As stated heretofore, the evidence is not before us; this case being submitted on the chancellor’s written findings. From the language of the decree and the finding of facts, part of which has been set out, we must infer that this territory, or some of it, had *32•been lawfully included within the limits of Putnam county, and that the effect of said statute \yas to detach said lands from Putnam county and attach them to White county. White county not having previously claimed the lands. Since the area of Putnam county is less than five hundred square miles, a statute undertaking to further reduce said area, under the circumstances detailed, is obviously ineffective for such purpose. Constitution 1870, article 10, section 4; McMillan v. Hannah, supra.

The chancellor decreed that chapter 656 of the Private Acts of 1915, “in so far as it purports to detach any of said territory from. Putnam county and attach the same to White county, is utterly void.” On the record before us, this is a proper ruling.

The other assignments of error interposed by White county raise no substantial question for review except upon the division of costs ordered by the chancellor.
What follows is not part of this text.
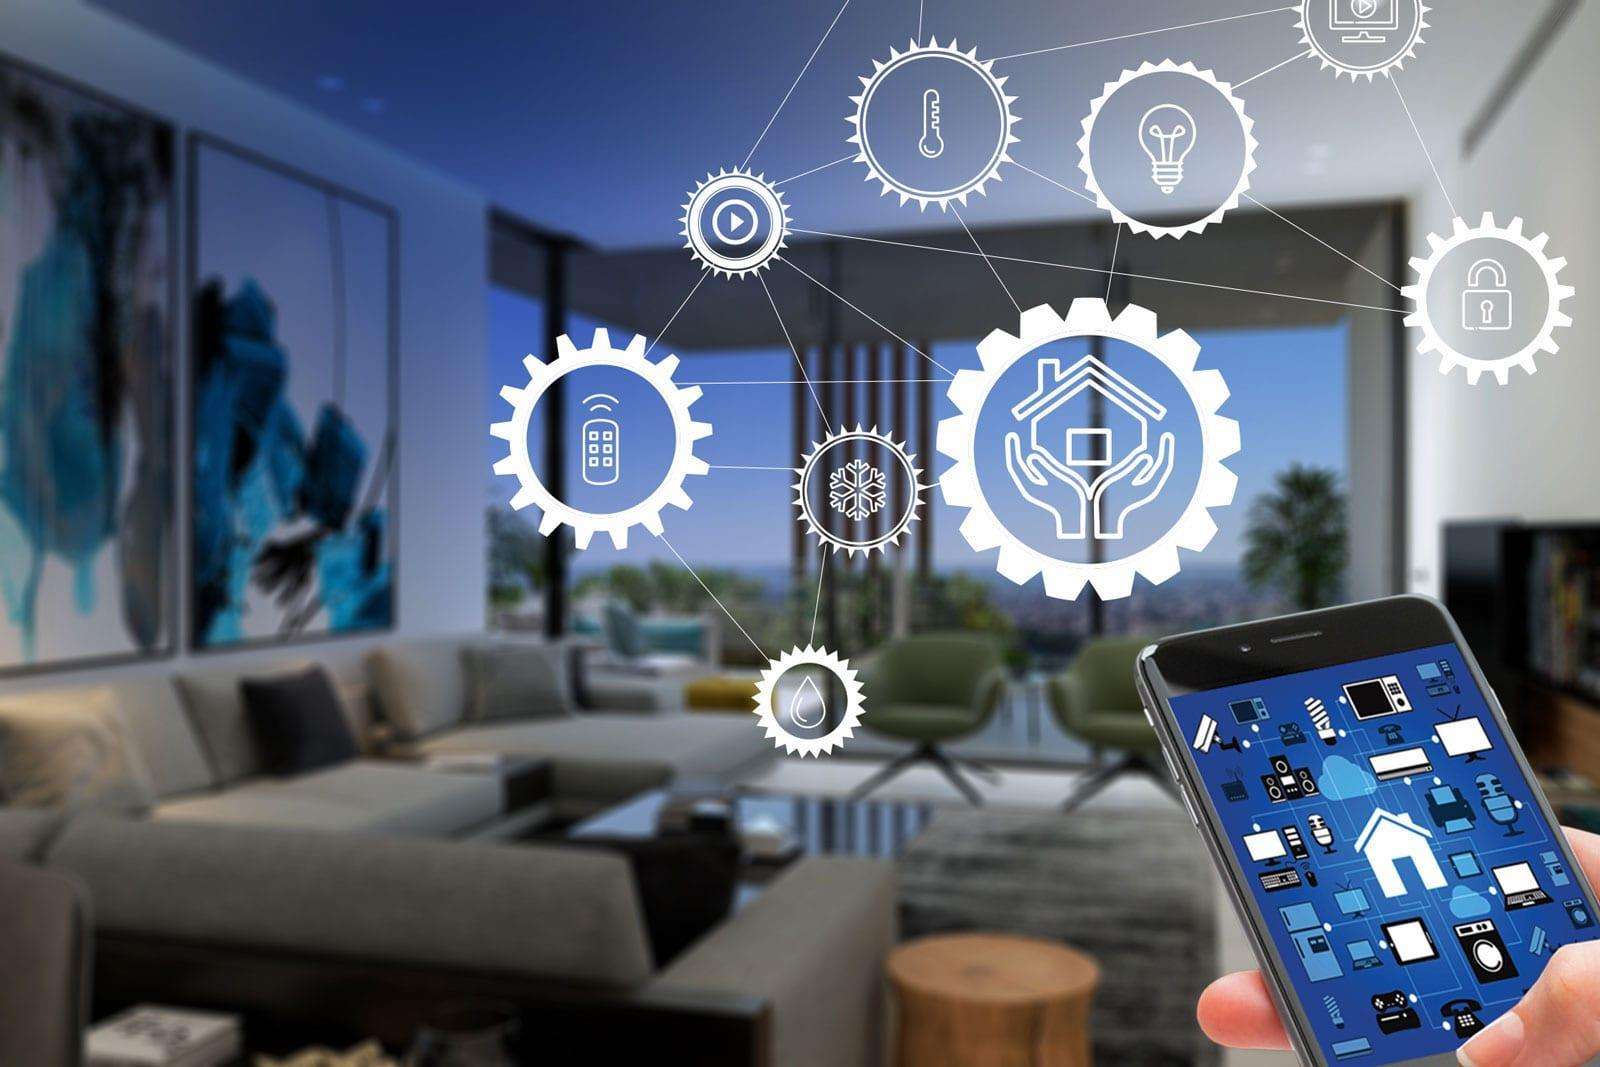 Американские IT-гиганты разработают единую сеть управления «умным домом» (smart home photo)

We think the chancellor was correct in taxing half of the costs to White county, and are not disposed to interfere with this apportionment. ,

Upon the whole case, we think there is no error in the chancellor’s, decree, and it will be affirmed in all respects, and this cause remanded to the chancery court of Putnam county for further proceedings in accordance with said decree. The costs of this court will be divided between the two counties. Upon application of L. D. Hill and Smith, Word & Anderson, to fix their fees for services rendered White *33county in this court, we find that $500 would be a reasonable fee for the services of L. D. Hill, and $500 would be a reasonable fee for the services of said firm. This in addition to the fees allowed by the chancellor for services below.